This is the easiest way to register UDFs.

This method of registration uses the spark.udf.register function. Let’s look at each of the arguments passed in this function.

The first one is genderCodeToValue. It is the name of UDF. This is the name that will be used in the Spark SQL to call this function.

The second one is genderCodeToValue. This is the method we just created that implements the required functionality. Also note that this is a reference to the method. In this case, the method is passed as a reference. It is very important at this point that any issues that will be encountered while this UDF is invoked will be exposed only when the function is applied. That is when Spark executes an action on the DataFrame. It is very important to make sure that the function is tested for all the kinds of data that you will operate on.

Also it is good practice to properly handle errors within UDFs. Many times, UDFs are tested on smaller datasets and developers are happy that the functions work perfectly. But in the typical Big Data world where the data is error prone, it is very hard to identify when the flow failed and what data caused the error. When millions of rows being processed using UDFs are stopped because of one wrong issue that was not handled properly, this is a nightmare in production environments.

The third function is StringType(). This indicates that the UDF will return a string value. Spark SQL uses this return type to properly validate and apply the UDF.

Step 6-5-3. Calling the Registered UDF from PySpark SQL

Now we are going to use the UDF genderCodeToValue , which we just created in Spark SQL. Let’s get started with it.

Let’s assume we need to get a student report with the students’ names and their expanded gender. Here is the query:
>>> spark.sql("select name,  genderCodeToValue(gender) from  studentsdob").show()
Here is the output:
+-------+-------------------------+
|   name|genderCodeToValue(gender)|
+-------+-------------------------+
|  Robin|                     MALE|
|  Maria|                   FEMALE|
|  Julie|                   FEMALE|
|    Bob|                     MALE|
|William|                     MALE|
+-------+-------------------------+
You can clearly see that the gender is shown with the output from the UDF. The column heading is not very legible, so let’s correct that using the following alias:
>>> spark.sql("select name as Name,  genderCodeToValue(gender) as Gender from  studentsdob").show()
Here is the output:
+-------+------+
|   Name|Gender|
+-------+------+
|  Robin|  MALE|
|  Maria|FEMALE|
|  Julie|FEMALE|
|    Bob|  MALE|
|William|  MALE|
+-------+------+

Note that we have cleaner output with the proper column alias names. With this, we have successfully completed the assignment of creating a custom UDF.

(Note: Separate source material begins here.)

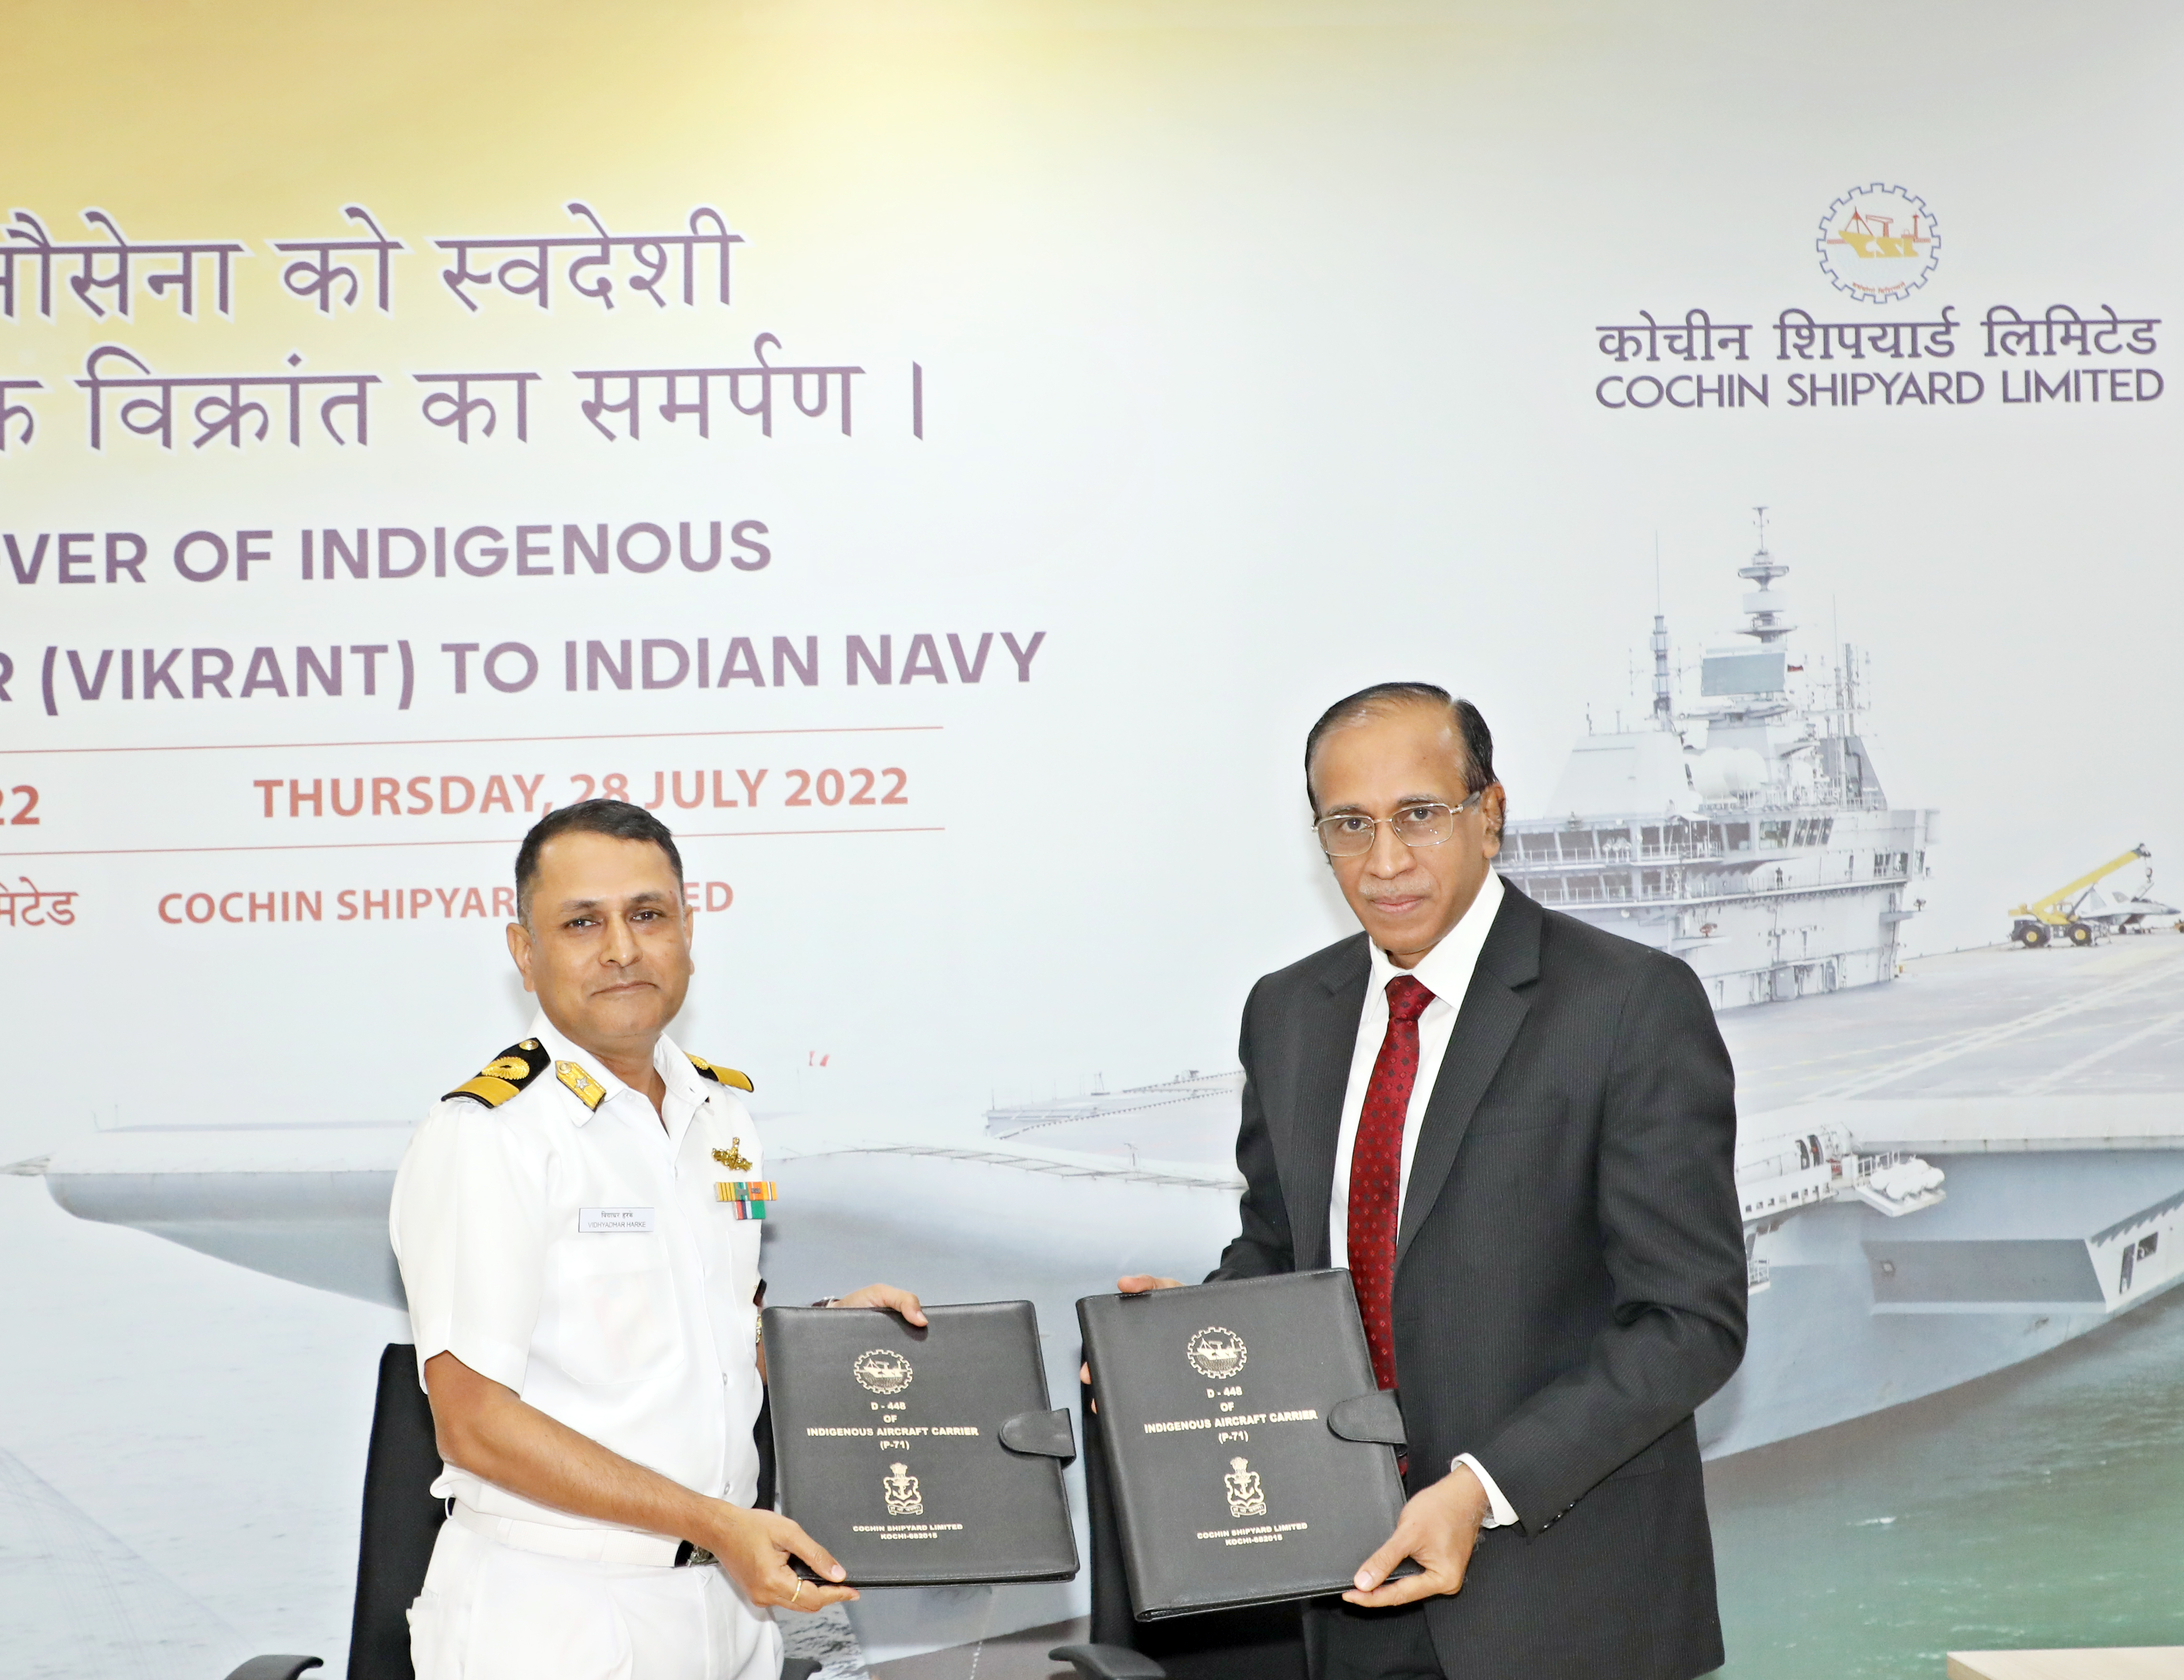  CSL DELIVERS INDIGENOUS AIRCRAFT CARRIER, PROJECT-71 (VIKRANT)  TO THE INDIAN NAVY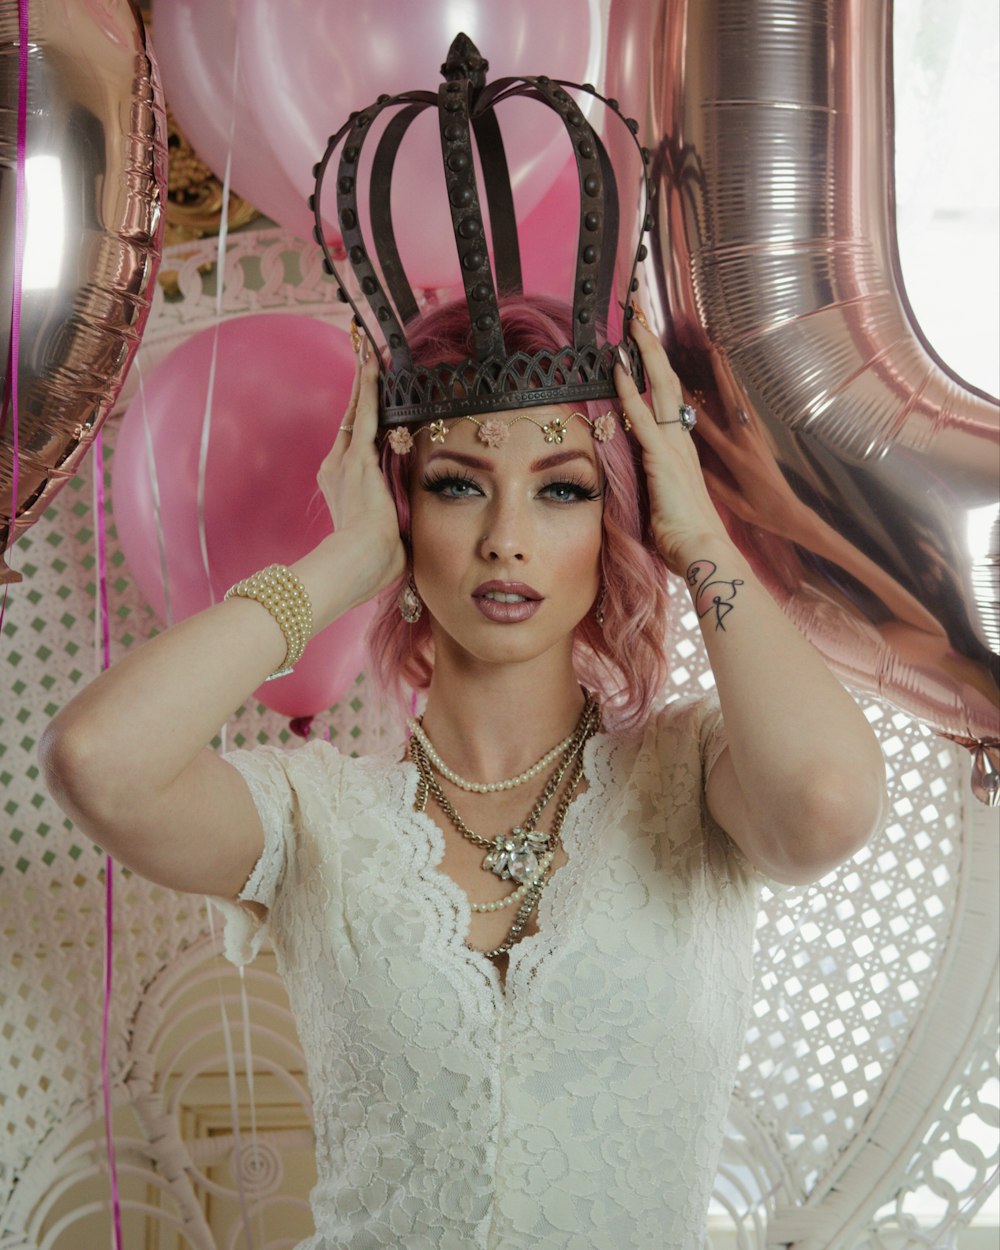 a woman with pink hair wearing a crown

Recipe 6-6. Join Two DataFrames Using SQL

Problem

You want to join two DataFrames using Spark SQL. Joining two or more datasets is a very important step in any data transformation process. Often as ETL developers we end up joining multiple tables to get the desired output report. In a typical data warehouse, either the star schema or the snowflake schema data modeling technique is followed. In either of these data modeling techniques, lots of joins are involved. With Big Data, it is preferred to have denormalized data models since joining huge datasets will slow down the performance of the queries. Nevertheless, we have to clearly understand how to join datasets and get the reports.

Solution

Let’s start by joining two datasets. For this purpose, we are going to introduce you to another student-based dataset, called Subjects. See Figure 6-3.
../images/469054_1_En_6_Chapter/469054_1_En_6_Fig3_HTML.jpg
Figure 6-3

The subjects dataset

We are going to get the marks obtained by the students in individual subjects.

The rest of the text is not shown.